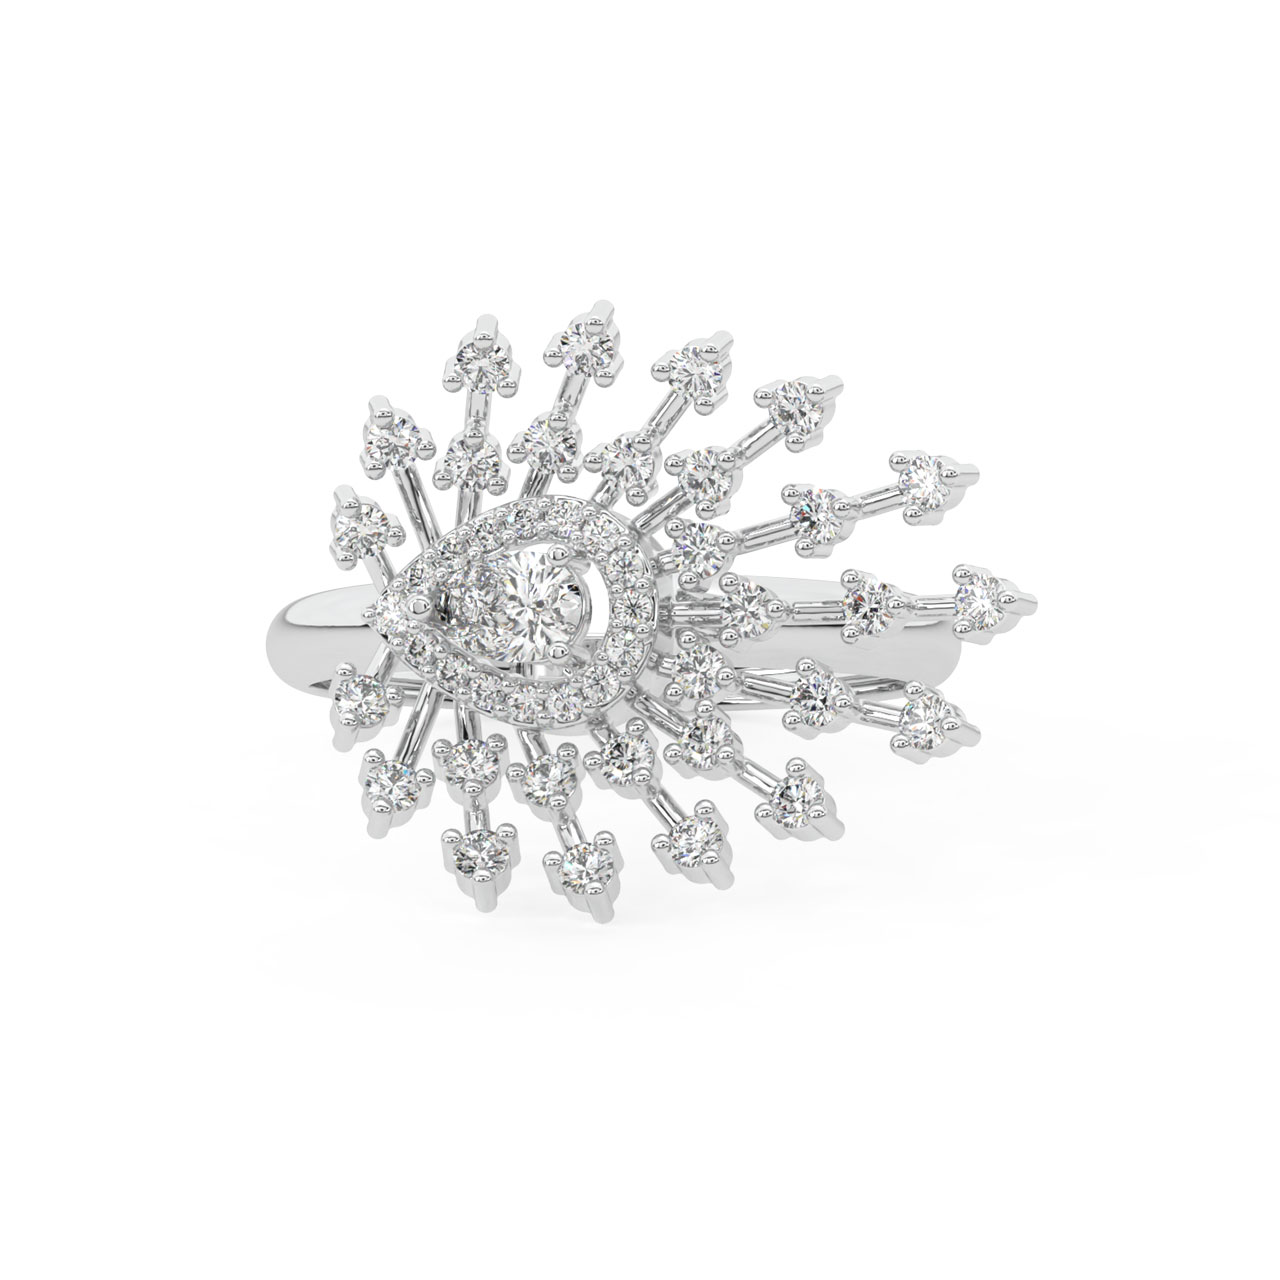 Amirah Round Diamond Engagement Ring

_ _ _ _ _

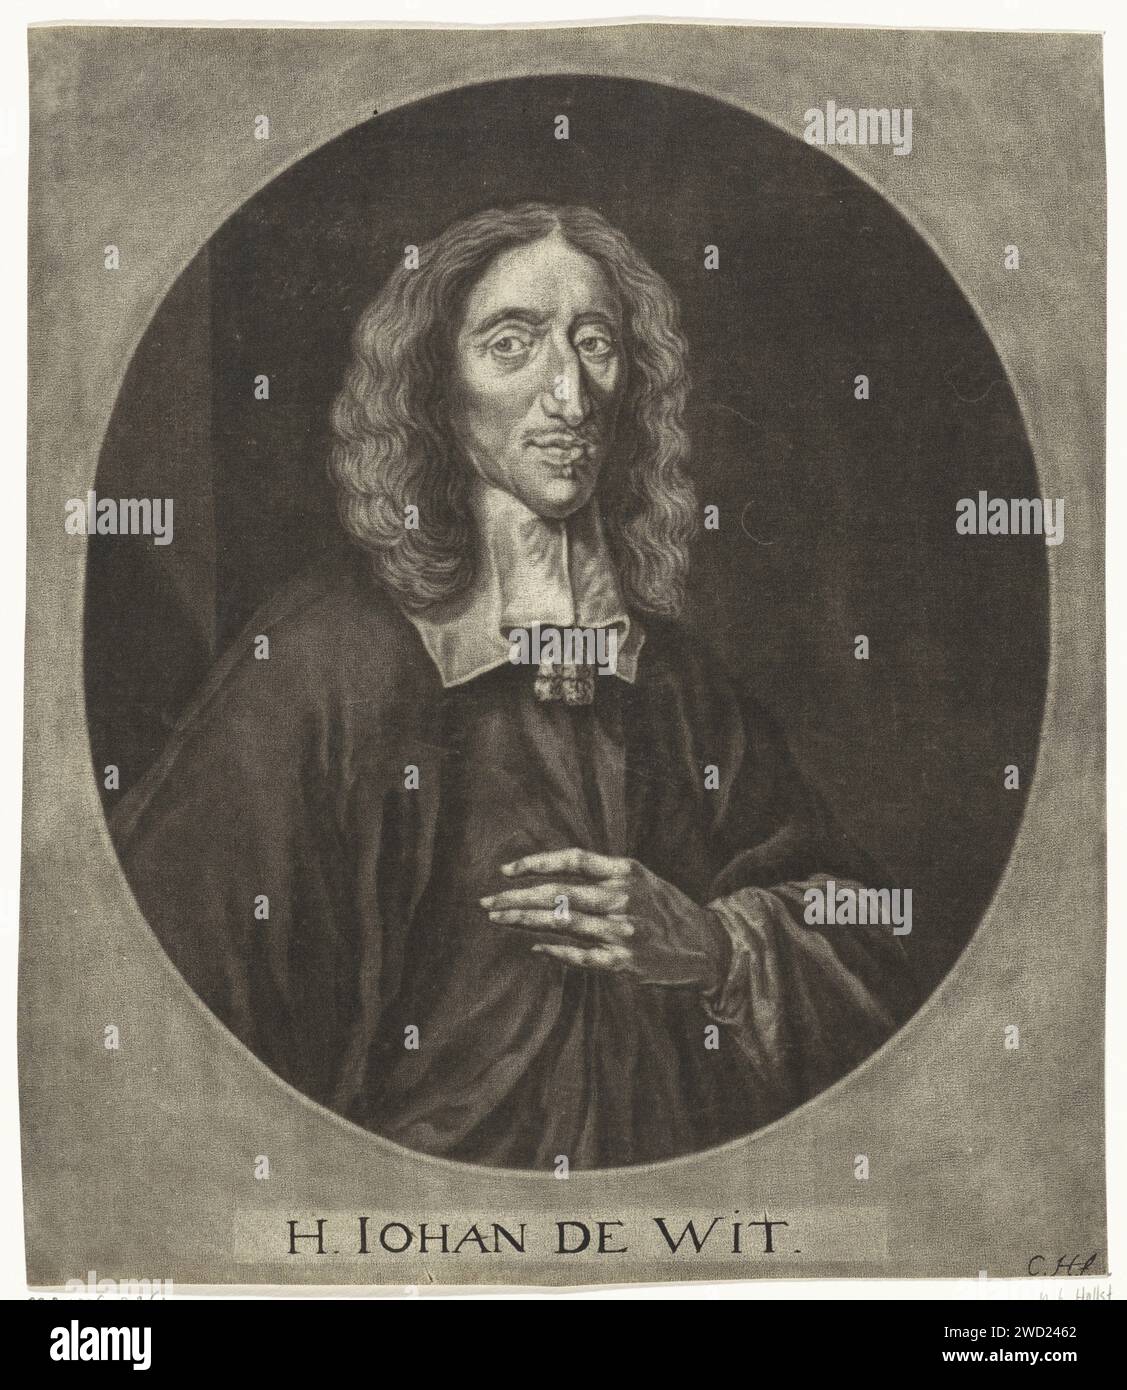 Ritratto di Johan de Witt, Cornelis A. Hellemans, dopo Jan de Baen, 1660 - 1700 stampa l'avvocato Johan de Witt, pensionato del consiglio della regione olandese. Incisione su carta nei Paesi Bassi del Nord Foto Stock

_ _ _ _ _

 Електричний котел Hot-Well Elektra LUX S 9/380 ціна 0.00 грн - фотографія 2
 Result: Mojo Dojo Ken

_ _ _ _ _

• _Problem details_: With the line that has "Електричний котел Hot-Well" as the first and the line that has "Result: Mojo Dojo Ken" as the last, repeat exactly that run of lines above and no more.

• _Task result_:
 Електричний котел Hot-Well Elektra LUX S 9/380 ціна 0.00 грн - фотографія 2
 Result: Mojo Dojo Ken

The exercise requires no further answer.